Là, je suis 3 semaines en vacances, je ne travaille pas, même si mon site web mérite d’être actualisé tout comme mon CV et que j’ai un article à finir d’écrire. Je vais dessiner, comme je dessinais enfant pour le plaisir et non pour m’améliorer encore et toujours. Je vais lire pour lire et principalement de la fiction et pas pour lire le plus possible et non des essais parce que toi, Maurice tu insinues qu’il faut s’instruire, toujours s’instruire et apprendre plus, pour ne pas être idiot en public. Je veux lire un essai seulement pour son sujet, pas pour une autre raison, tu m’entends Maurice ! Quand je vais reprendre le travail, tu vas probablement toquer à nouveau à la porte et peut-être même avec tes amis. Mais sache Maurice que ça ne va plus être aussi simple ! Je suis scientifique et sorcière Maurice ! N’est pas Morgane4 qui veut ! Enfant, j’ai terrassé la méduse, avec ses cheveux serpents et ses yeux qui changent en pierre, vivant au pied de mon lit grâce à mes pouvoirs magiques. Je suis Hubert Reeves sans barbe5 et fée-sorcière avec le petit peuple6 à mes côtés ! Ah ah, tu ne l’as pas vu venir ce côté de ma personnalité. Comme Agniezka, naïve et fragile, mais la seule à pouvoir combattre le Bois avec sa magie si particulière7, je vais te lancer un sort style “Val sans retour” 8, pour que tu tournes bourrique tout seul à ressasser. Te combattre ? Tu n’y penses pas, ça ne ferait pas une bonne histoire. Pourquoi ? Mais tu as un nom bien trop pourri pour cela, Maurice9 ! »

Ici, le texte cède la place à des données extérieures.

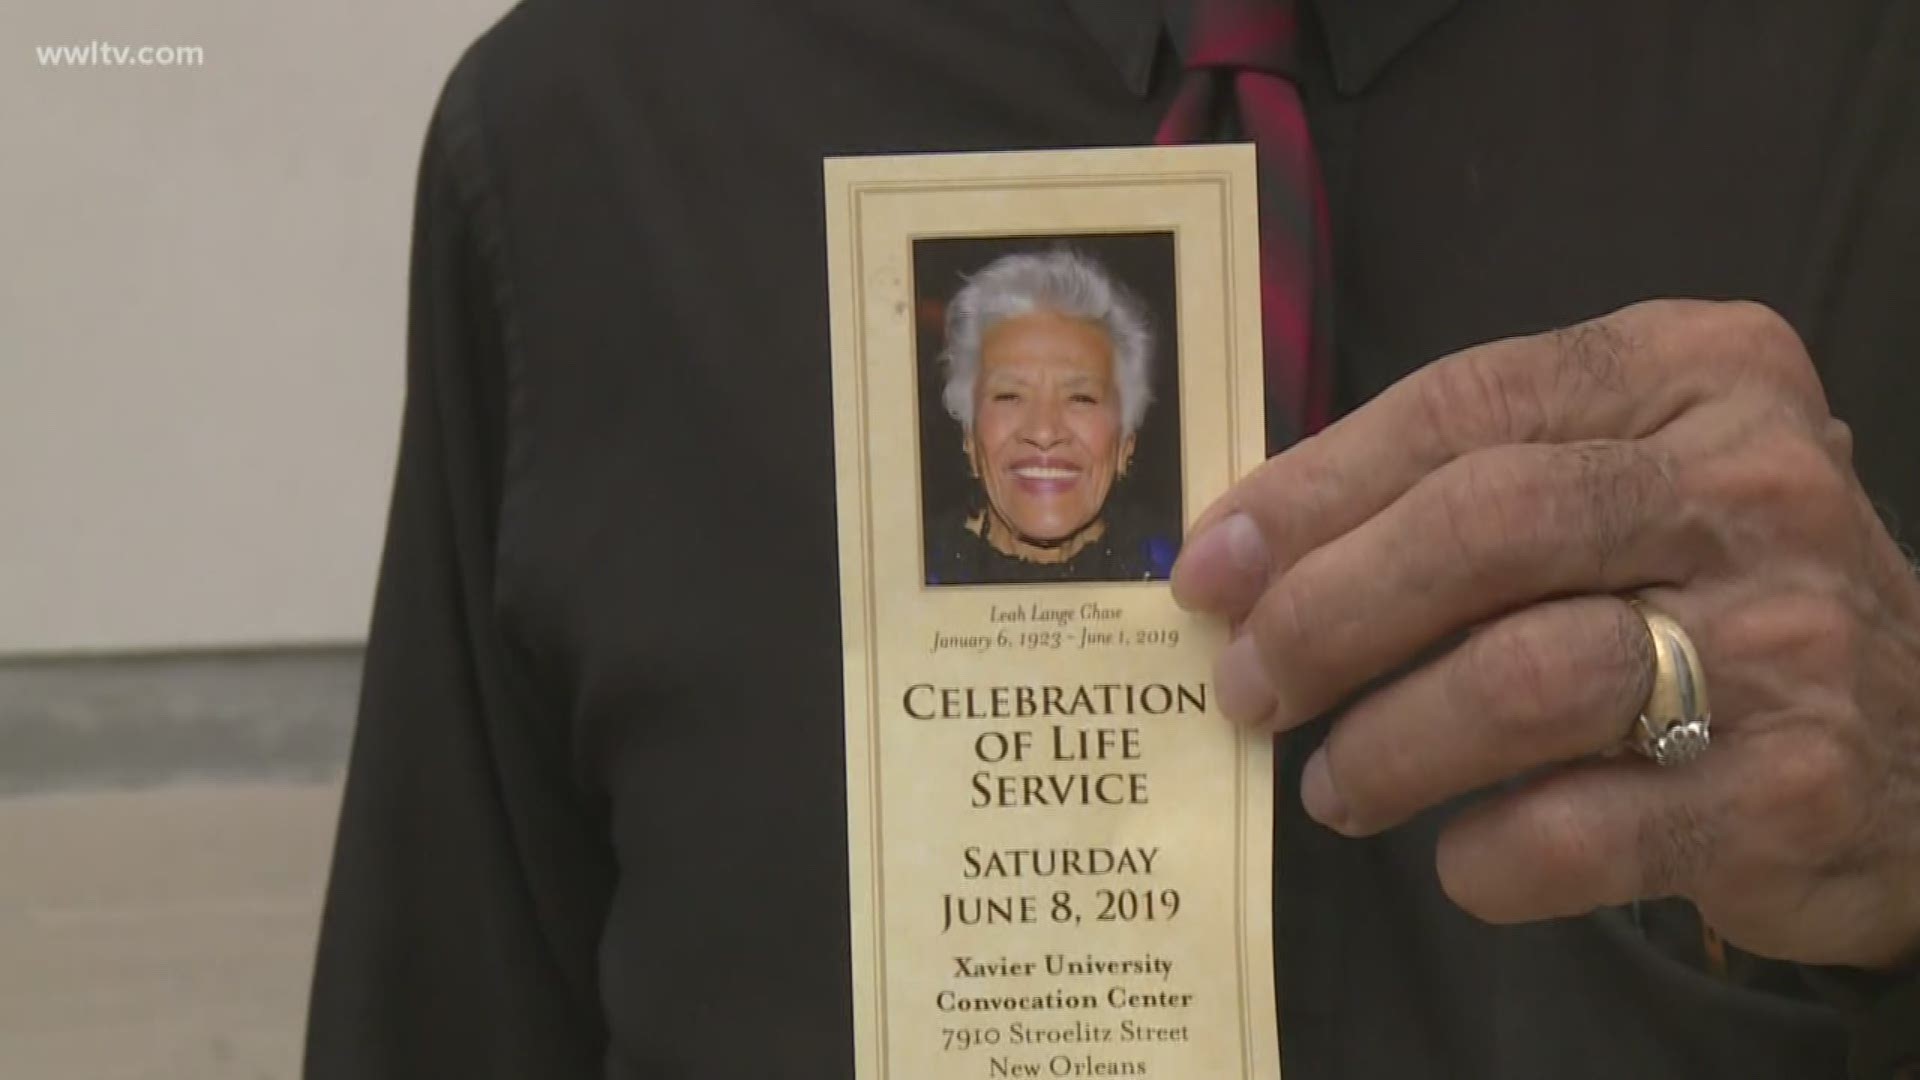 A celebration of New Orleans icon Leah Chase's life will be held at the Xavier University Convocation Center Saturday night at 6 p.m. The event is open to the public.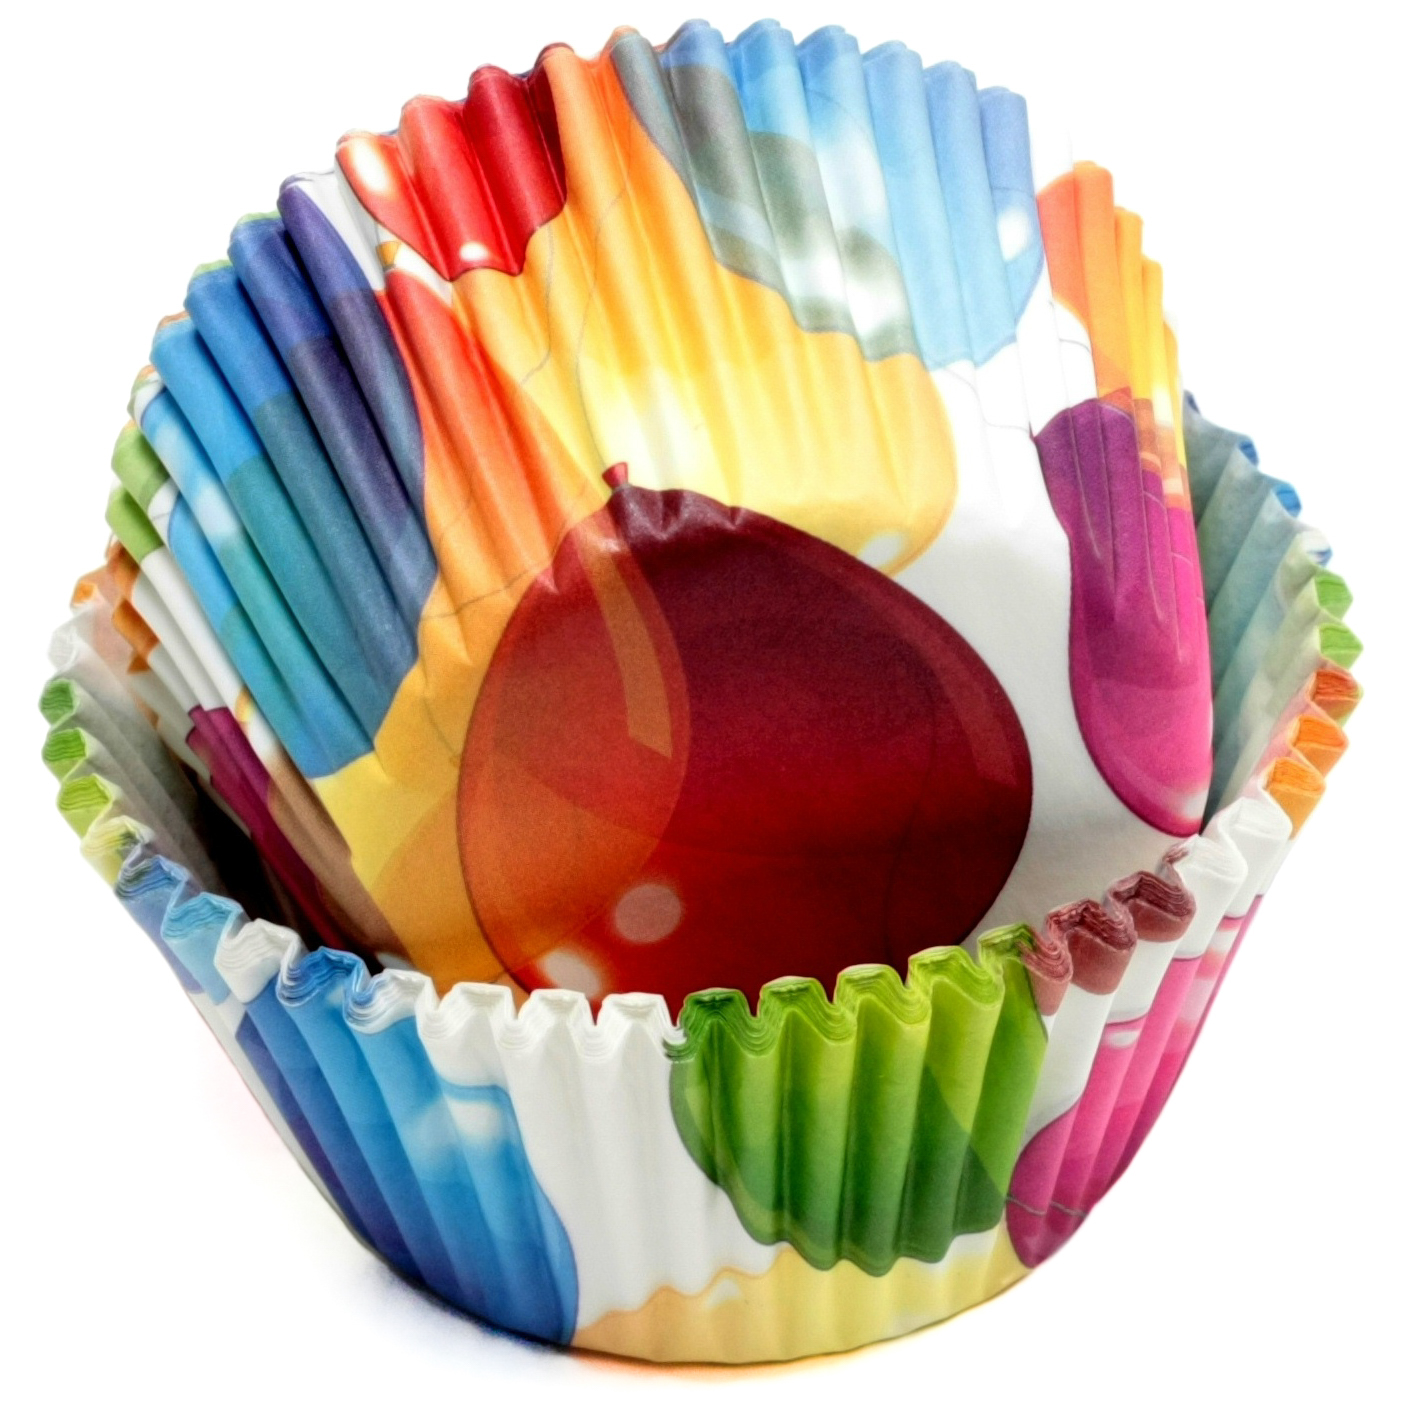 BALLOONs Baking Cups - 50-Pack

1- En concevant ce site, je suis tombée sur cet article qui parle du fameux syndrome de l’imposteur. La référence m’a parlé : je pense que les Français de ma génération se souviennent tous très bien de cette réplique de cette pub des années 1990. Maurice est donc devenu mon critique intérieur qui se transforme fréquemment en syndrome de l’imposteur, vous vous en doutez bien.

2- Je vis au Québec, donc job est féminin icitte.

3- Cette notion vient du livre « Imparfaits, libres et heureux, Pratiques de l’estime de soi » de Christophe André, livre très connu, mais que je viens de découvrir et qui est une énorme bouffée d’oxygène. Il explique même de ne pas s’infliger la double peine : avoir honte de ruminer. Mon Maurice est diabolique : il rumine de ruminer. Mais je l’ai démasqué !

4- Mes parents ont choisi mon prénom en référence à la Fée Morgane. “La plus humaine des fées” comme dirait ma maman. La moins lisse, ni gentille, ni mauvaise, juste humaine. Mon prénom fait clairement partie de qui je suis. Et dorénavant, je fais plus de place à Morgane qu’à Maurice.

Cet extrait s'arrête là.